YES BANK Reports Strong Annual Financial Results for FY 2026

YES BANK has announced its audited financial results for the quarter and year ended March 31, 2026. The bank reported a robust annual net profit of ₹3,475.59 crore for the year, reflecting significant growth compared to the previous fiscal. Asset quality continued to improve, with gross NPA reducing to 1.3%. The board has approved these results, highlighting strong operational efficiency and a solid capital position with a 15.3% capital adequacy ratio.

Annual Financial Performance

For the financial year ended March 31, 2026, YES BANK demonstrated resilient performance with a standalone net profit of ₹3,475.59 crore, compared to ₹2,405.86 crore in the previous year.
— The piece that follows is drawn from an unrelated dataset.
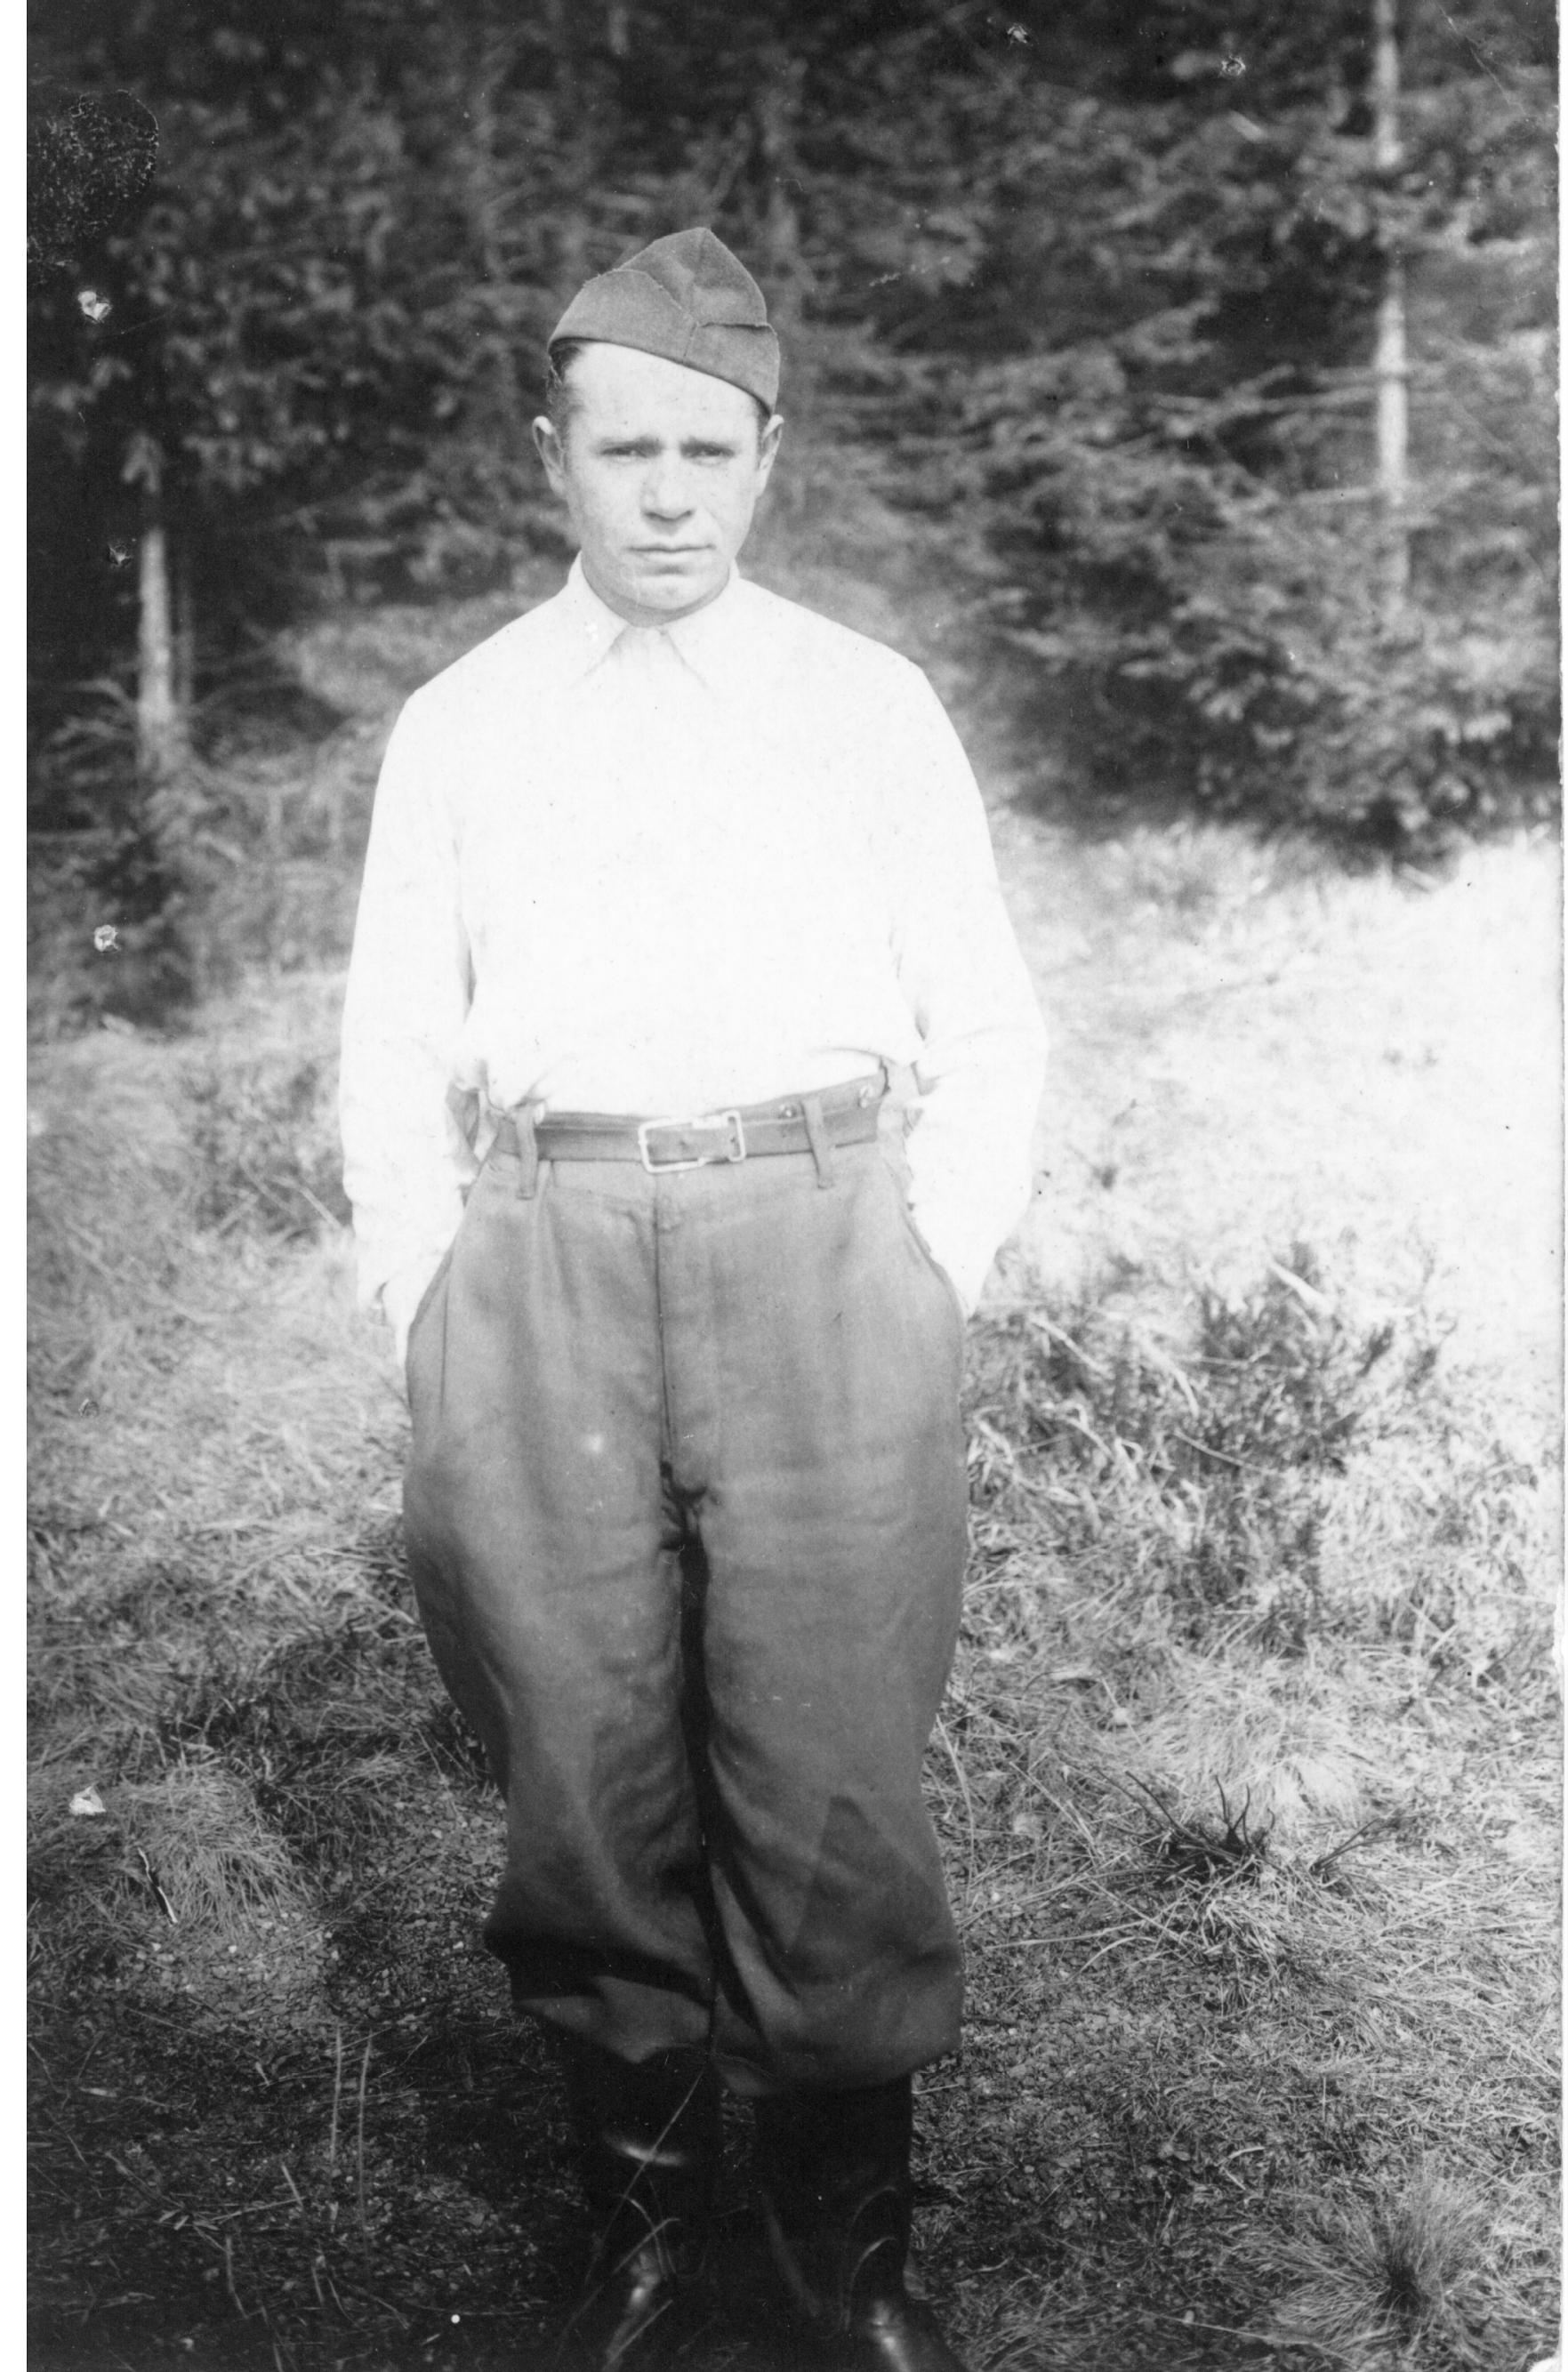 RAV CHAJKIN POW 1940-45.jpg

The bank’s total income for the fiscal reached ₹36,928.17 crore. Operating profit for the year stood at ₹5,506.39 crore, showcasing the bank’s ability to maintain core profitability amidst a dynamic economic environment.

Asset Quality and Key Ratios

The bank has shown consistent improvement in its asset quality profile. Gross NPA was reported at 1.3% as of March 31, 2026, down from 1.6% in the previous fiscal year. Net NPA also improved, reaching 0.2%. Furthermore, the bank maintained a capital adequacy ratio of 15.3% (Basel III), underscoring its commitment to a strong and stable balance sheet.

Operational Highlights

During the final quarter of the year, the bank took a proactive step to strengthen its standard asset provisioning coverage by making a one-time provision of ₹341 crore. This measure reflects a conservative approach to risk management rather than any deterioration in asset quality. Additionally, the bank successfully utilized its debt issuance proceeds, with no deviations reported in the intended use of funds.

Consolidated Results

On a consolidated basis, which includes the performance of its subsidiary, YES Securities (India) Limited, the group reported a net profit of ₹3,511.71 crore for the year ended March 31, 2026. The group remains committed to digital innovation and scaling its retail banking operations, with revenue growth driven by both core banking activities and its subsidiary operations.